Hacker News new | ask | show | jobs
by WhitneyLand 529 days ago
> the output token of the LLM (black box) is not deterministic. Rather, it is a probability distribution over all the available tokens

How is this not deterministic? Randomness is intentionally added via temperature.

6 comments

"Temperature" doesn't make sense unless your model is predicting a distribution. You can't "temperature sample" a calculator, for instance. The output of the LLM is a predictive distribution over the next token; this is the formulation you will see in every paper on LLMs. It's true that you can do various things with that distribution other than sampling it: you can compute its entropy, you can find its mode (argmax), etc., but the type signature of the LLM itself is `prompt -> probability distribution over next tokens`.
The temperature in LLMs is a parameter of a regularization step that determines how neuron activation levels get mapped to odds ratios.

Zero temperature => fully deterministic

The neuron activation levels do not inherently form or represent a probability distribution. That's something we've slapped on after the fact

Any interpretation (including interpreting the inputs to the neural net as a "prompt") is "slapped on" in some sense—at some level, it's all just numbers being added, multiplied, and so on.

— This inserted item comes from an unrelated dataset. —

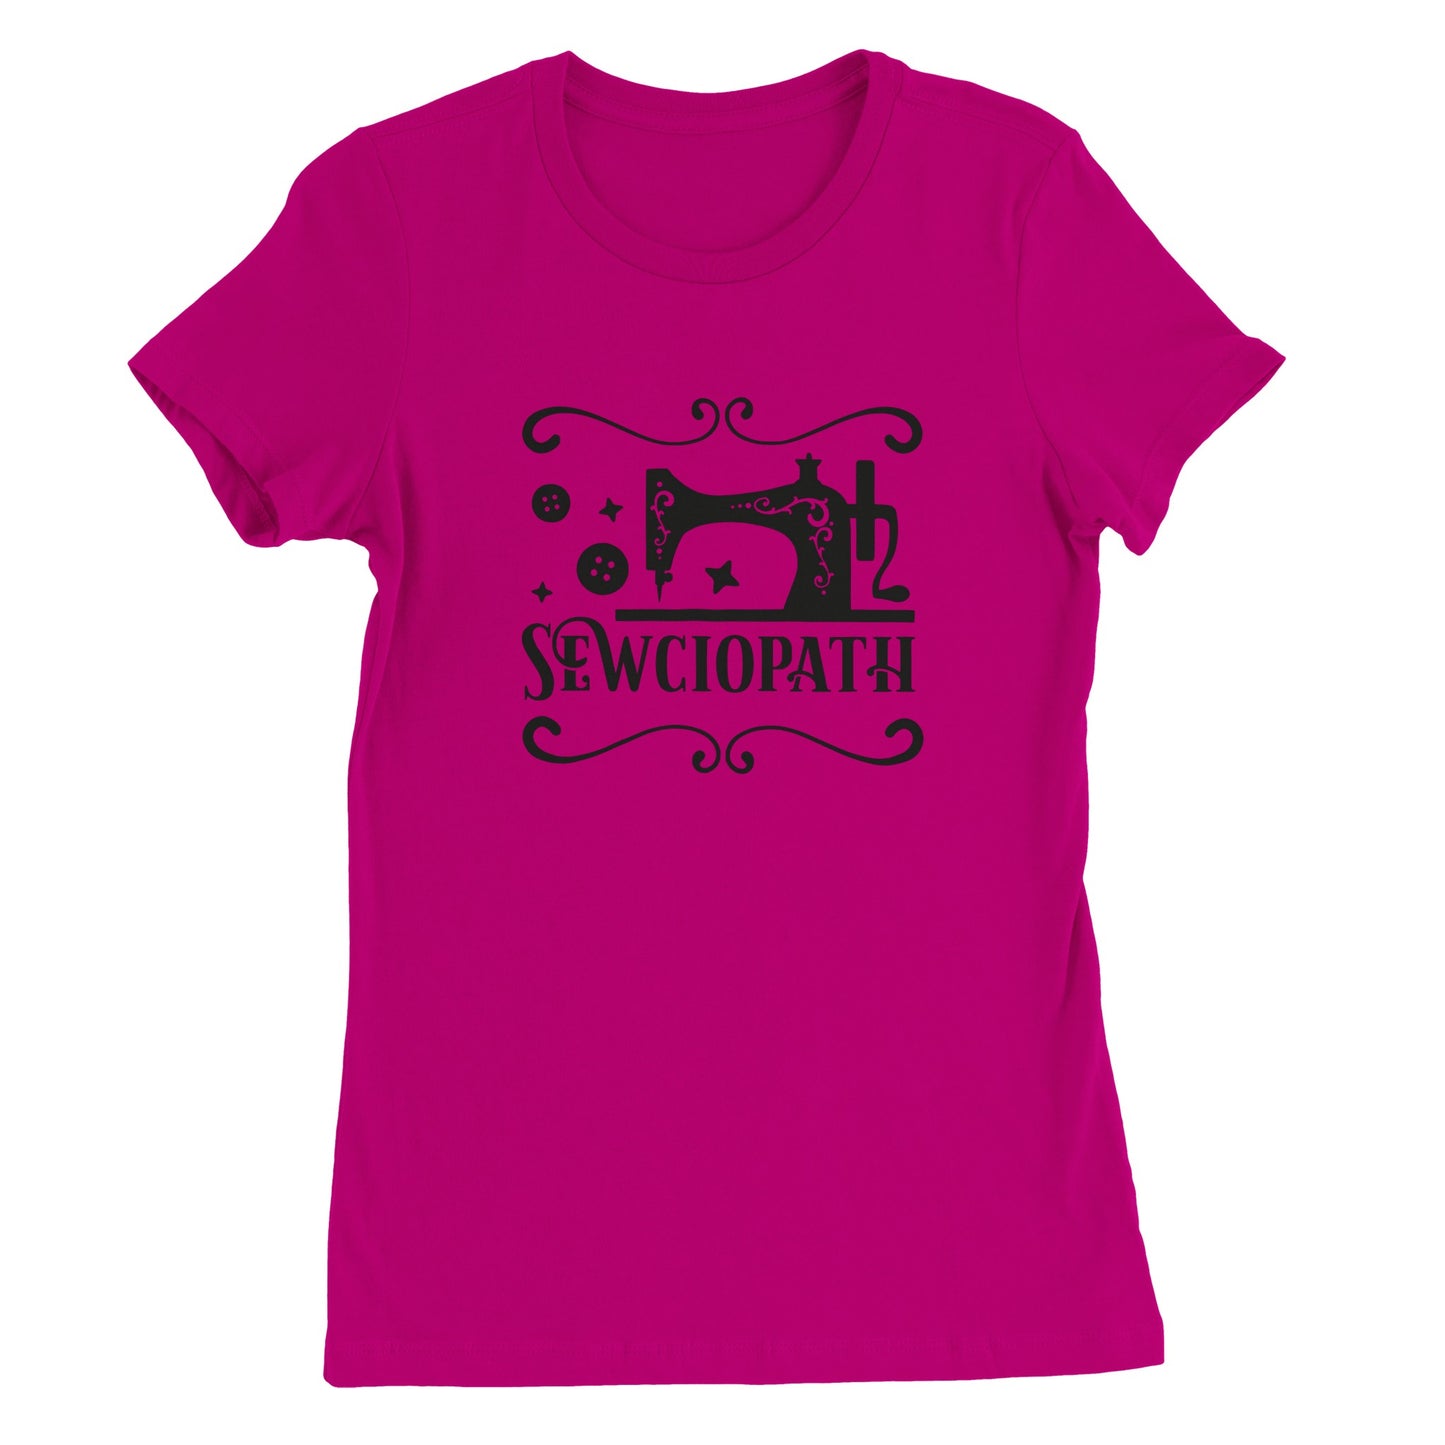 Sewciopath - Premium Women's Crewneck T-shirt

But I wouldn't call the probabilistic interpretation "after the fact." The entire training procedure that generated the LM weights (the pre-training as well as the RLHF post-training) is formulated based on the understanding that the LM predicts p(x_t | x_1, ..., x_{t-1}). For example, pretraining maximizes the log probability of the training data, and RLHF typically maximizes an objective that combines "expected reward [under the LLM's output probability distribution]" with "KL divergence between the pretraining distribution and the RLHF'd distribution" (a probabilistic quantity).

Under a crossentropy loss the output activations do absolutely represent a probability distribution, since that is what we're modeling.
The output distribution is deterministic, the output token is sampled from the output distribution, and is therefore not deterministic. Temperature modulates the output distribution, but sitting it to 0 (i.e. argmax sampling) is not the norm.
Running temperature of zero/greedy sampling (what you call "argmax sampling") is EXTREMELY common.

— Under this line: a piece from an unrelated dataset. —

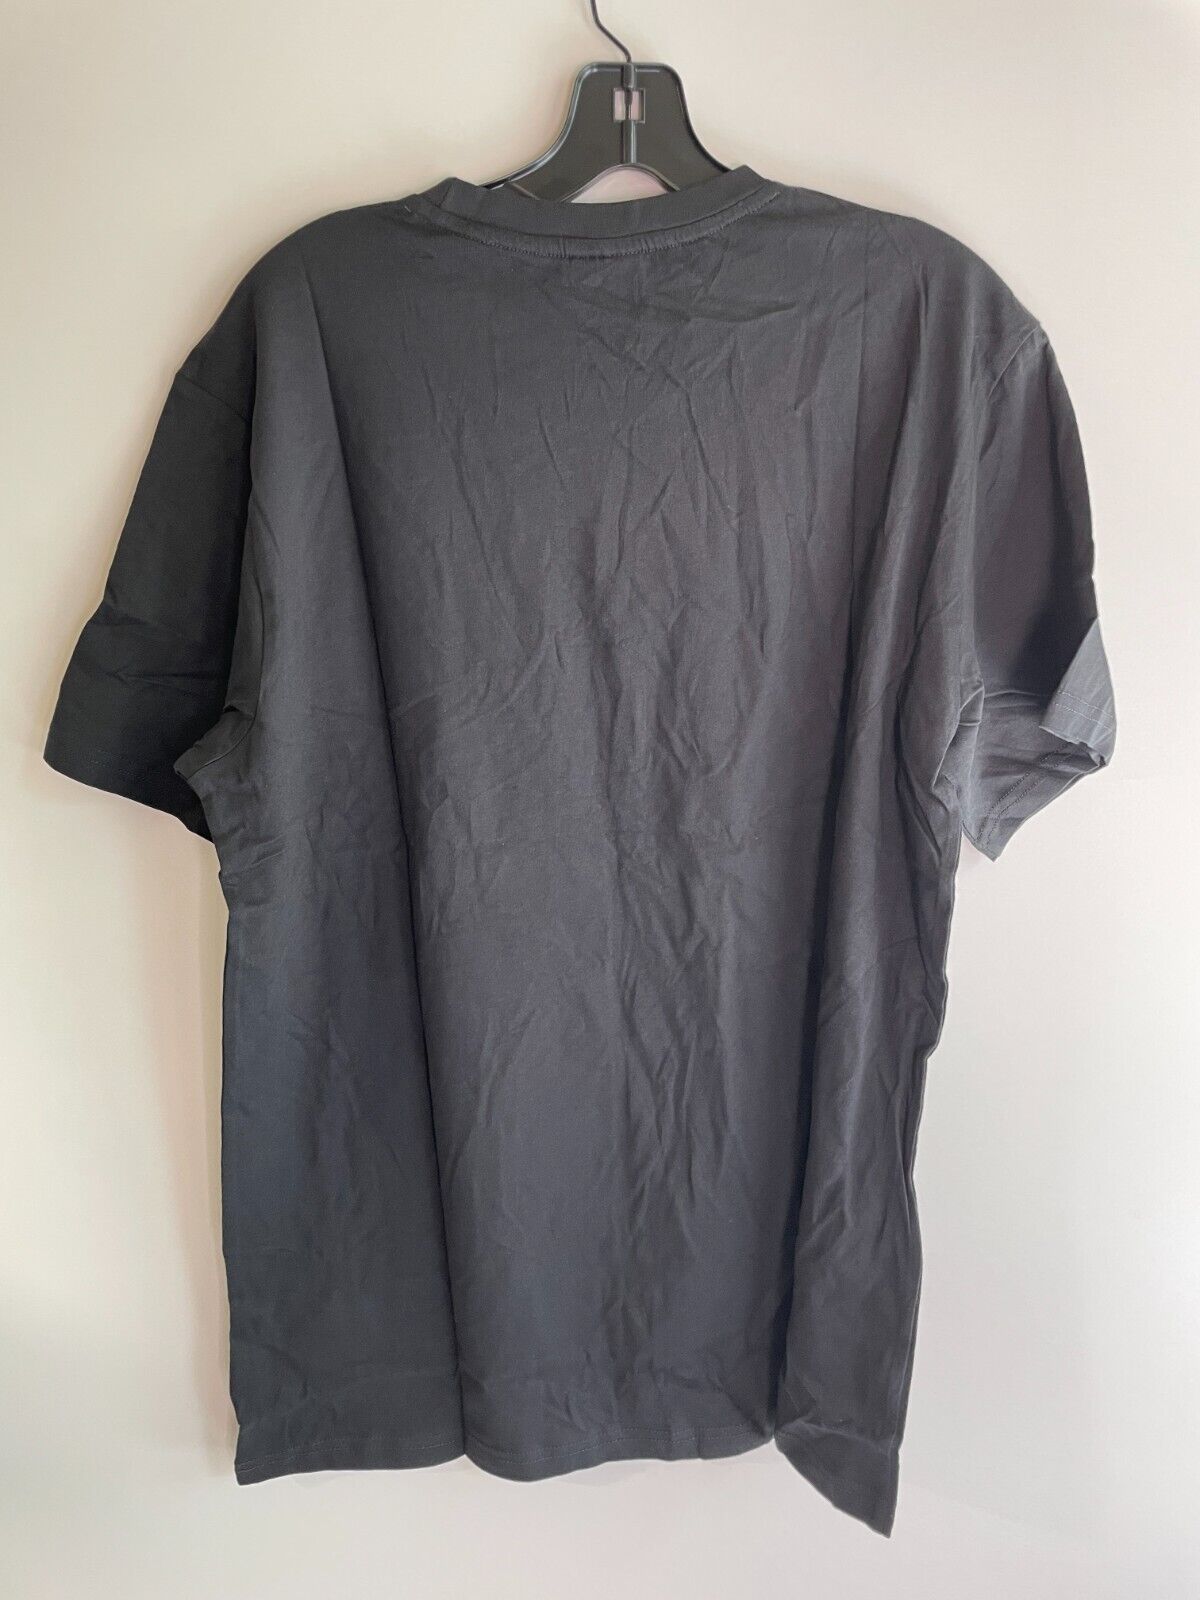 Gymshark Mens L Crest T-Shirt Black Regular Fit Short Sleeve A1A3J-BBBB

LLMs are basically "deterministic" when using greedy sampling except for either MoE related shenanigans (what historically prevented determinism in ChatGPT) or due to floating point related issues (GPU related). In practice, LLMs are in fact basically "deterministic" except for the sampling/temperature stuff that we add at the very end.

> except for either MoE related shenanigans (what historically prevented determinism in ChatGPT)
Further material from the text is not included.